Watneys Special Mild - mild was losing favour in the sixties

Mild was the working man's drink for the first half of the twentieth century. The only choice was between mild and stout; bitter was a luxury. In 1900 best bitter was almost unknown and in 1929 it was still only a tiny fraction total beer sales.

At the start of the sixties, mild was the dominant beer. Around 40% of the output of Bass Charrington, Britain's largest brewer, was mild. By 1967 this had fallen to 30%. Mild was losing favour, though it was the cheapest beer. It did have strongholds in the Midlands (notably M & B Mild), but the majority chose best bitter.

Best bitter on draught and its bottled equivalent, best pale ale, were the favourite beers of the 60s. Pale ale was sold as a premium beer; it was a popular luxury.

From cask to keg

Keg bitter is pasteurised to stop any fermentation. Carbon dioxide is added to give the beer sparkle. The pressure of carbon dioxide is used to draw the beer up from the cellar. So keg beer does not need a traditional long handled beer pump.

The first keg beer was Watneys Red Barrel, developed in the 30s. The big brewers though, did not heavily promote keg bitter until the late 50s. The first brewer to use the term keg and to promote sales of keg beer was Flowers (later taken over by Whitbread). Many of the others followed suit and each launched their own brand of keg bitter: Worthington 'E', Whitbread Tankard, Ind Coope Double Diamond, Youngers Tartan and Courage Tavern.

Sales of keg beer increased steadily throughout the sixties. In 1960 it was 1% of the total beer market, by 1965 7% and by 1971 18%. Keg beer was most popular with the young. It was the natural choice for the new themed pubs and disco pubs of the 60s. Keg bitter was more expensive than traditional cask conditioned ales and was marketed as a premium brand.

There was a tendency for brewers to reduce the strength and original gravity (a measure of the proportion of ingredients, hops, barley etc to water) of cask beers. The keg beers were the best the brewery had to offer so there was no need to spend as much on the cask conditioned beers. Throughout the sixties people suspected that that beer was getting weaker; they were right.

By the latter part of the sixties, carbon dioxide was often added to cask beers as well; they were drawn up from the cellar under pressure in much the same way as keg beer. For the drinker at the bar, there was little to choose between them. The more discerning opted for keg.

Ind Coope's Long Life - the only beer brewed for the can

Bottled and canned beer

The rise of keg bitter in the sixties stopped a trend that had begun after the War of increasing sales of bottled beer. It even appeared that sales of bottled beer might overtake draught beer.
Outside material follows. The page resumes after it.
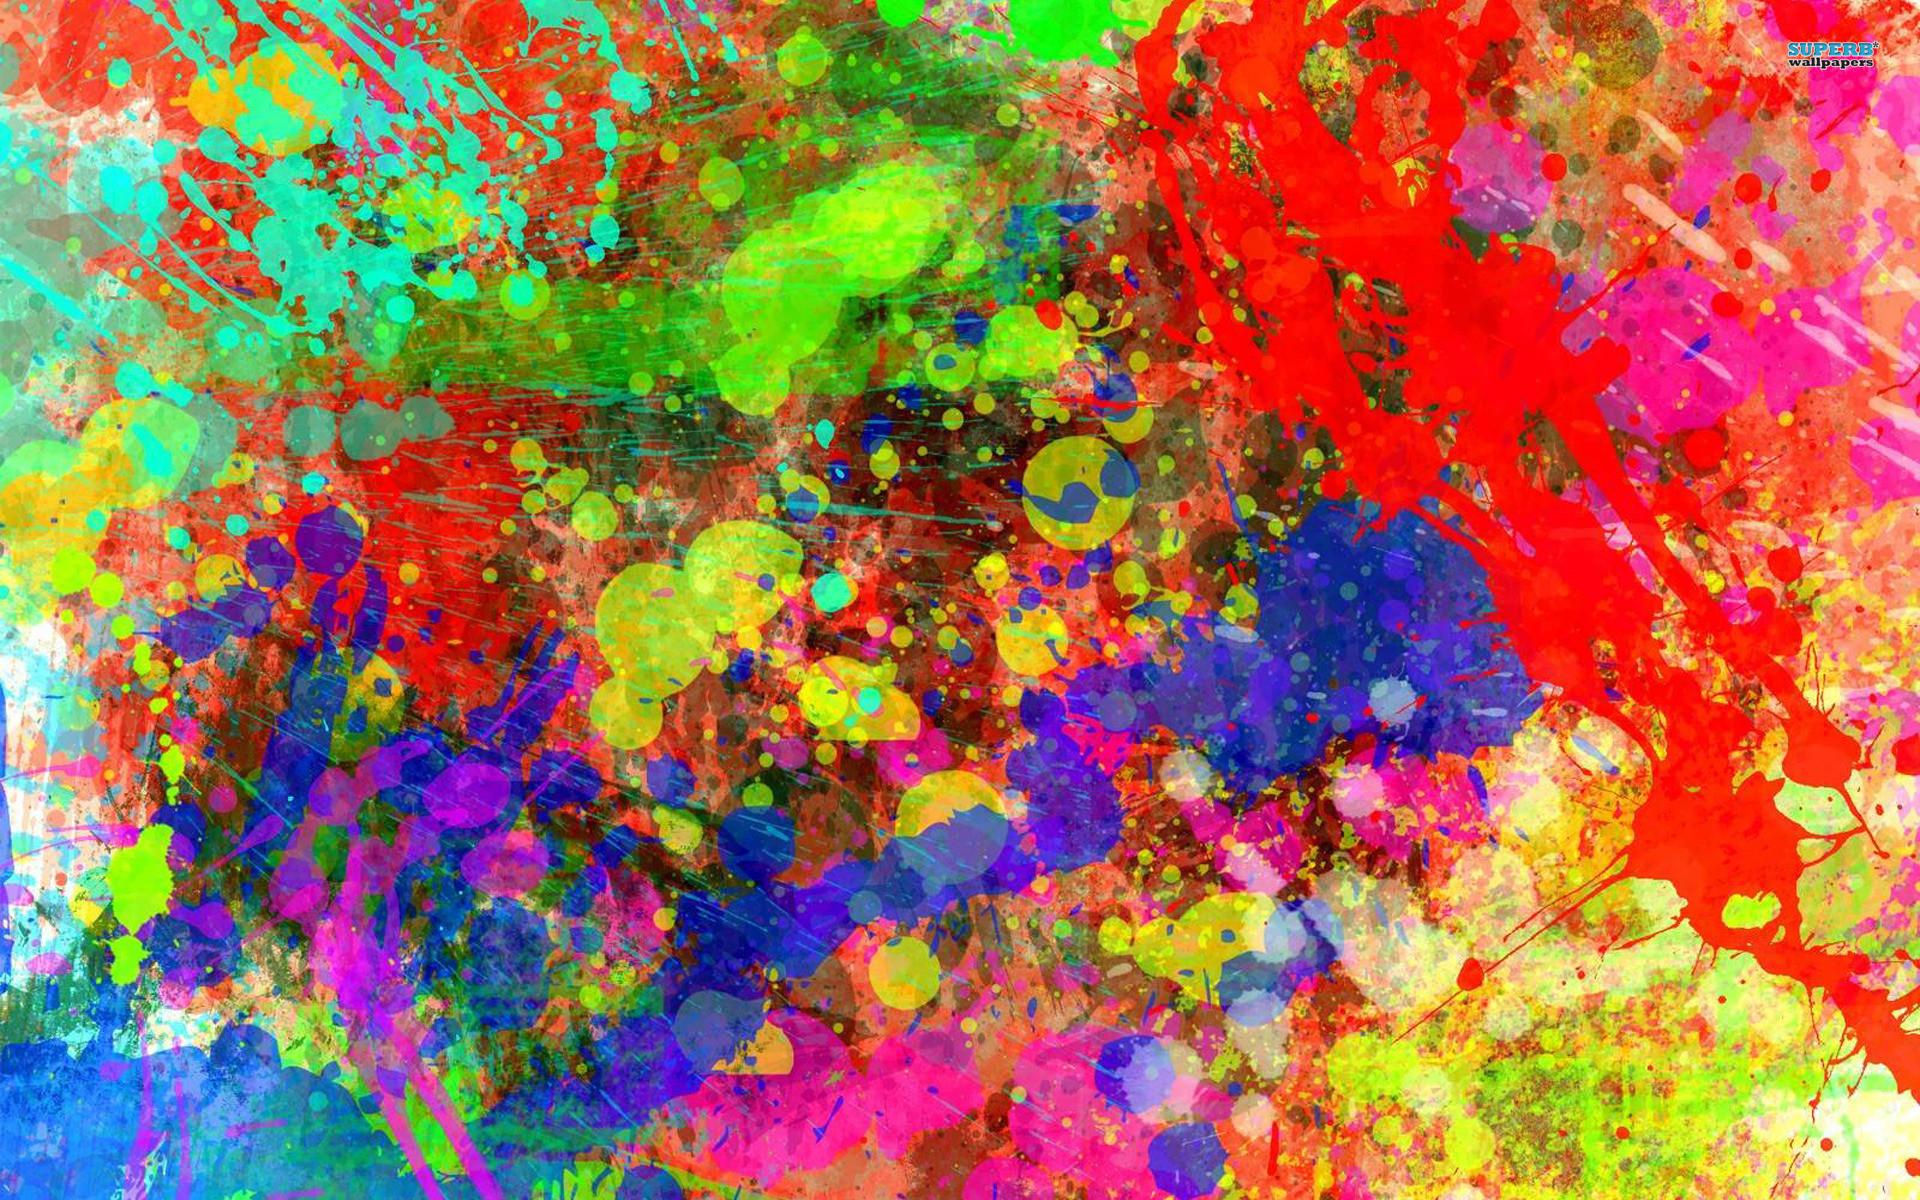 1920x1200 Paint Splatter Wallpaper

Reasons for choosing it over traditional ales were consistency, brightness, a clean palette and sparkle. Keg bitter provided all these qualities at a cheaper price.

Canned beer was in its infancy in the late 50s. Ind Coopes Long Life was one of the first. The brewer picked up on concerns about the quality of cask ales and claimed Long Life was brewed for the can and never varied. Canned beer sales increased throughout the sixties, but did not become important until the seventies. Watneys Party Seven was a new take on canned beer.

National brands

Before the 60s, the supply of beer had been regional. There were a few exceptions with bottled Guinness, Bass and Worthington sold throughout the country. In the sixties other national names emerged, namely Double Diamond (bottled), Mackeson Stout (bottled) and draught and bottled Watneys Red Barrel. Watneys Red Barrel was making inroads into the free trade. Double Diamond, Bass Worthington and most notably Guinness, were becoming increasingly available as draught. The success of Guinness encouraged Watneys to compete with Colonel Murphy's Stout. After a test marketing campaign, they abandoned it and stocked draught Guinness in Watneys' houses instead.

By the end of the sixties, lager too was more popular. Draught Carlsberg was available at Watneys' pubs and Whitbread had linked up with Heineken. Sales of lager, though, did not become significant until the 70s.

Strong beers

Strong ales were often sold in nip bottles (one third of a pint). The most famous was Tennant's Gold Label; it was in the Guinness Book of Records as the strongest beer on regular sale in the UK. Later it was brewed as Whitbread Gold Label. 70s advertisements told drinkers that it was "Strong as a double Scotch, less than half the price". It is still available today.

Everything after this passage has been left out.